» **Given data**:
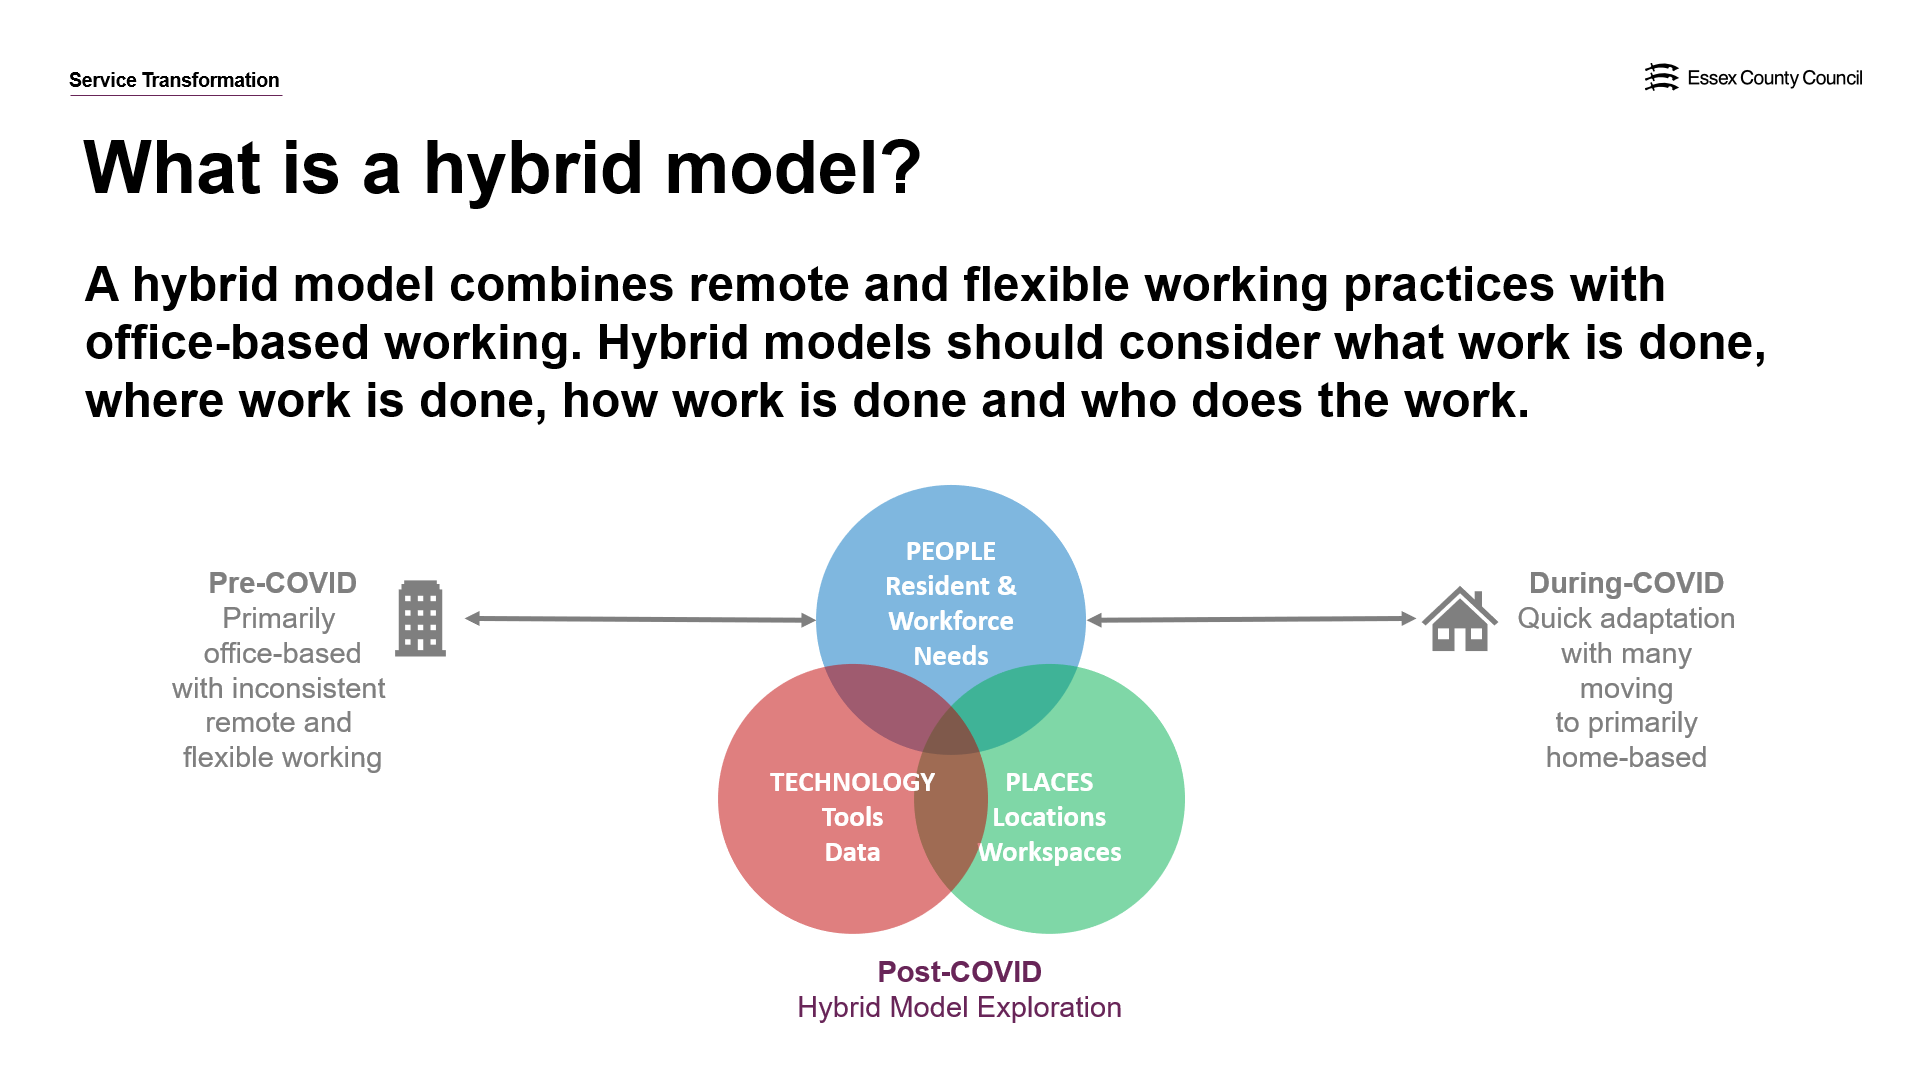 Hybrid modeling
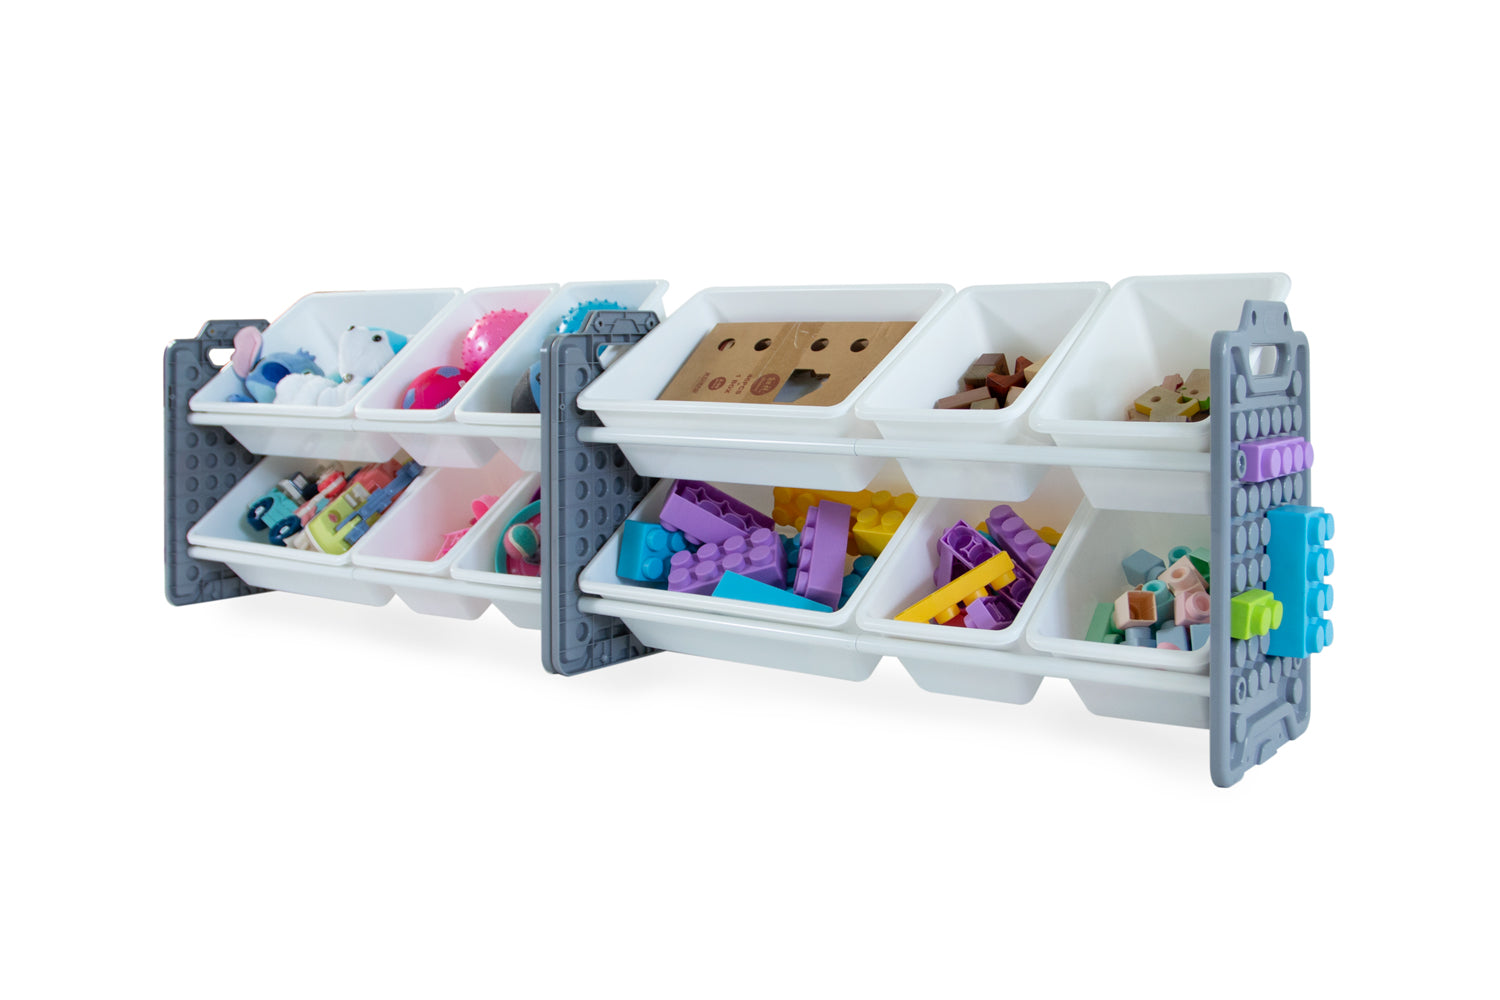 UNiPLAY 12 Bins Toy Storage Organizer - Gray (UB45612)
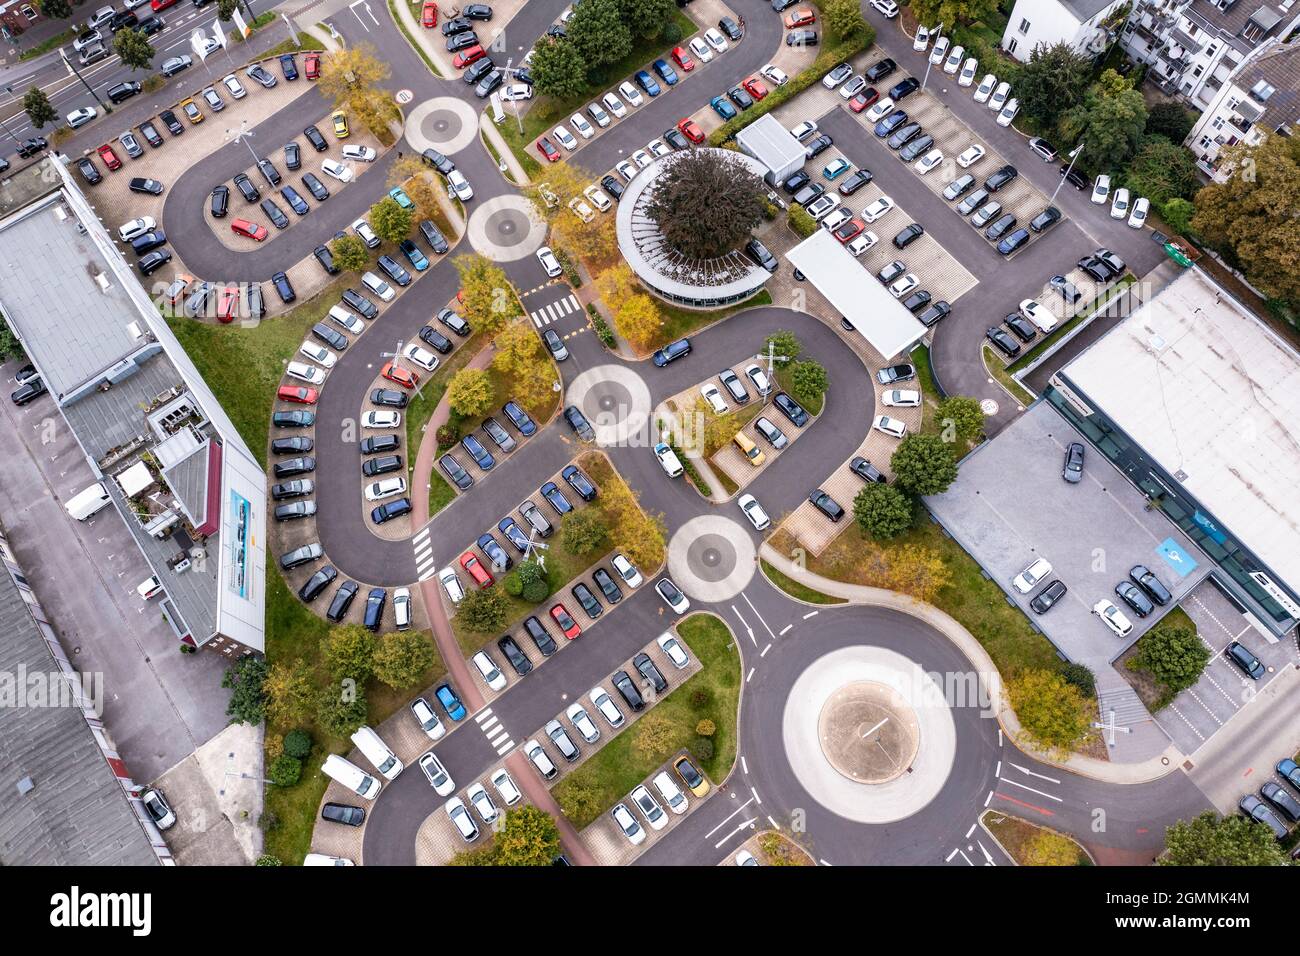 5 Kreisverkehre beim VW Autohaus an der Automeile am Höherweg in Düsseldorf. Aus der Luft gesehen ein kleines Kunstwerk mit den geparkten Autos. Stock Photo
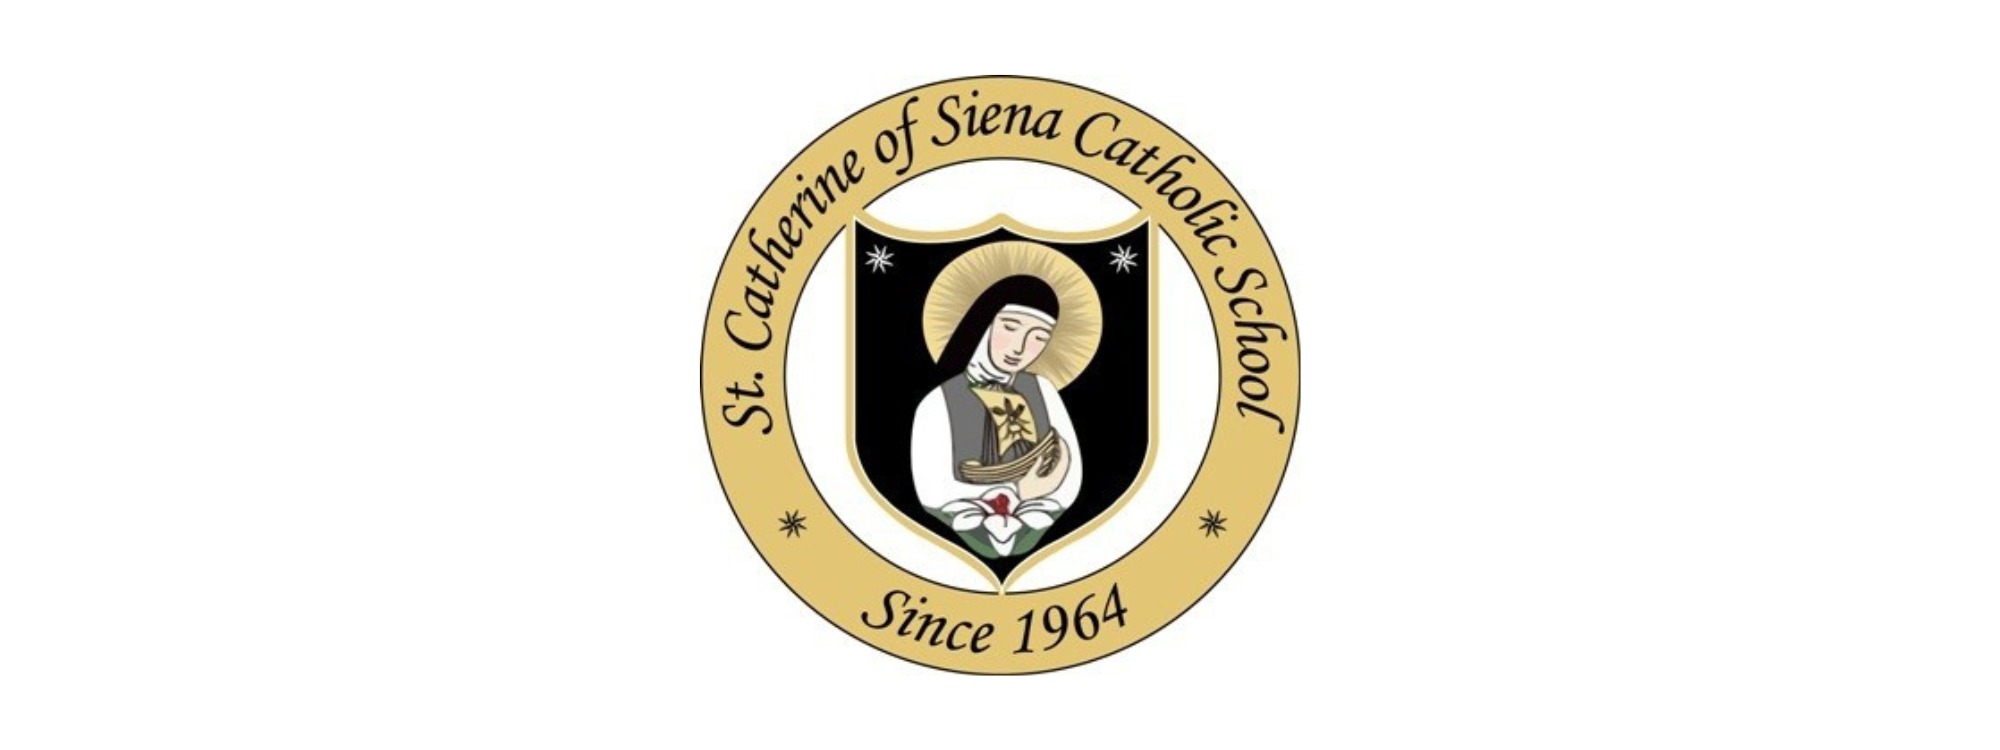 St Catheine of Siena - school logo header

» **Task details**: Transcribe the material above word for word; images do not belong in the copy.

» **Problem solution**:
 Hybrid modeling
 UNiPLAY 12 Bins Toy Storage Organizer - Gray (UB45612)
 5 Kreisverkehre beim VW Autohaus an der Automeile am Höherweg in Düsseldorf. Aus der Luft gesehen ein kleines Kunstwerk mit den geparkten Autos. Stock Photo
 St Catheine of Siena - school logo header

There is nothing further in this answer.